Something to be framed and hung in the office: a caption accompanying a picture in the Business Herald this week saying congestion at border posts will “soon be a thing of the past” following installation of an advanced customs clearance system by Zimra. This will remove the need for paperwork, we are told.


But we all know from experience that as soon as the Herald announces some problem becoming “a thing of the past”, it comes back to haunt us! So cut out the picture and place it prominently somewhere to remind you next time you face maddening congestion at Beitbridge.



Equally delusional, Minister of Energy Mike Nyambuya told the press that government had made available $2 trillion for the rehabilitation of Hwange thermal power station under ongoing efforts to “ensure self-sustenance of power generation and supply”.


“By September this year Zimbabwe would enjoy stable power generation and supply following a cocktail of measures being taken by government,” he was quoted as saying.


So come September, as the last lights go out across the land, we must approach Nyambuya and ask him how he likes his cocktails: Shaken or stirred?



This is not the time for demonstrations and marches,” Police Commissioner-General Augustine Chihuri has declared.


Right now what our people need is peace and tranquility and not aimless demonstrations, marches or processions…”


Did he say this when Zanu PF conducted its so-called Million Man demo in the centre of Harare in November? No, he bit his tongue on that occasion. And does his declaration that “violence will never be tolerated in Zimbabwe” extend to opposition leaders who were savagely beaten at a police station last March? What has happened to the perpetrators of that violence,
and to those responsible for abducting and beating Law Society president Beatrice Mtetwa and her colleagues?


Chihuri urged the public to draw lessons from other trouble spots. He is quite right to do so. Violence has erupted in Kenya because the public saw the electoral process as flawed. They saw the country’s electoral commission as beholden to the incumbent. They saw the forces of law and order as suborned and appeals to the judiciary as pointless. We must indeed learn lessons from Kenya.

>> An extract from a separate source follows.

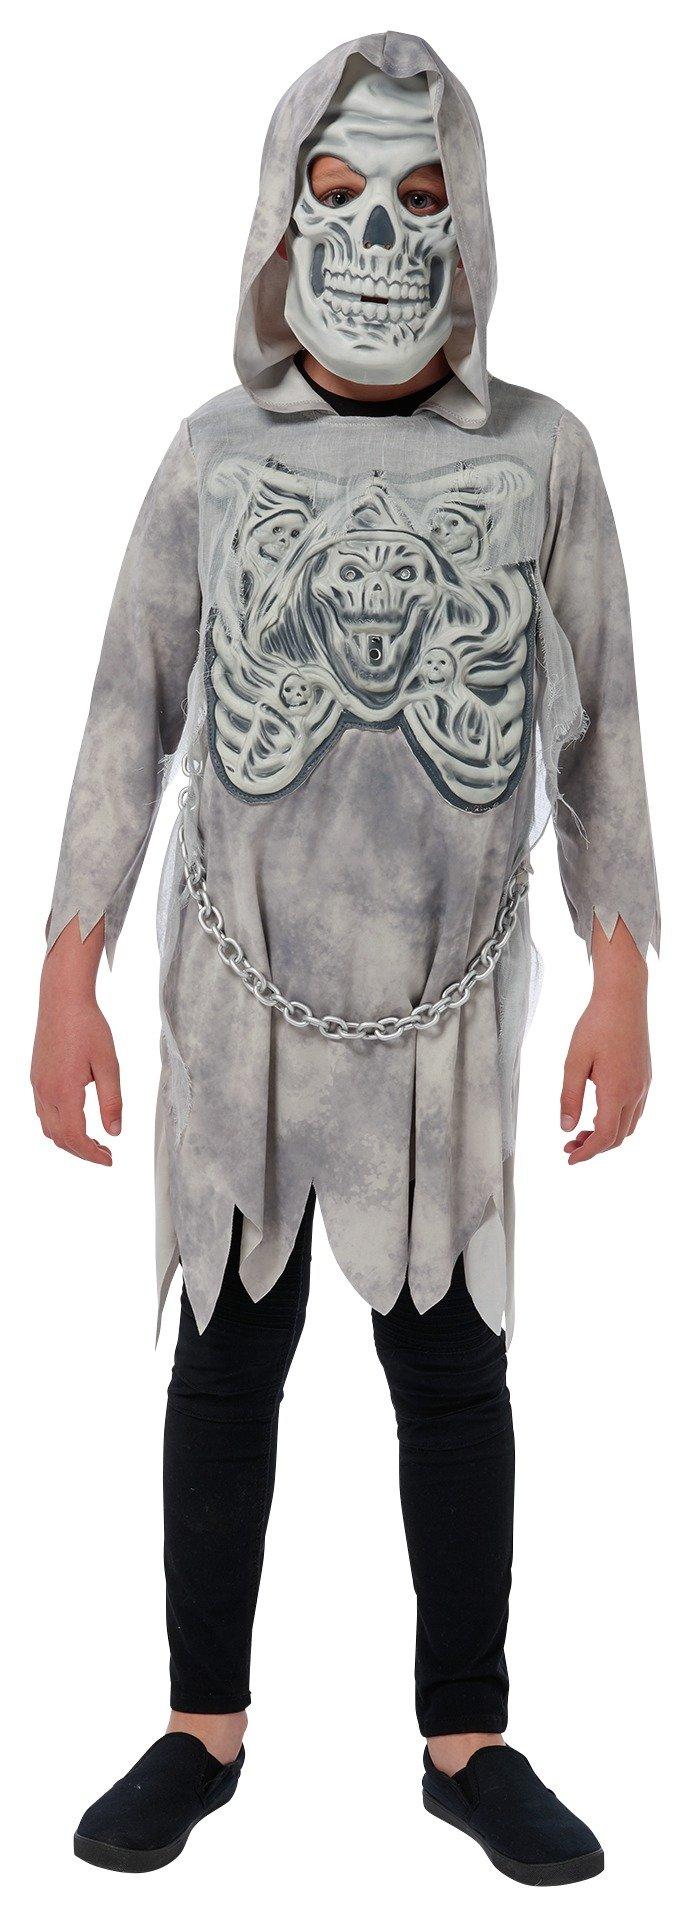 Image of Ghost Reaper Fancy Dress Costume - 5-6 Years.

Simba Makoni’s decision to challenge President Mugabe in the harmonised elections next month seems to have touched a nerve with Nathaniel Manheru big time, given his apoplectic rambling in the Saturday Herald. He made an effort to discredit Makoni’s candidature because he was a nonentity who has never achieved anything on his own except as Mugabe’s “appointee”. That makes him unfit for the presidency, we were told.


Secondly, he can’t fight Joice Mujuru because he is a son-in-law of sorts; he can’t challenge Morgan Tsvangirai because his wife comes from the same neighbourhood in Buhera.


No one could miss his thinly disguised racial slurs in reference to Ibbo Mandaza.


Cool down Manheru. We appreciate your invidious position. The future is very uncertain, and the Ides of March loom. Beware!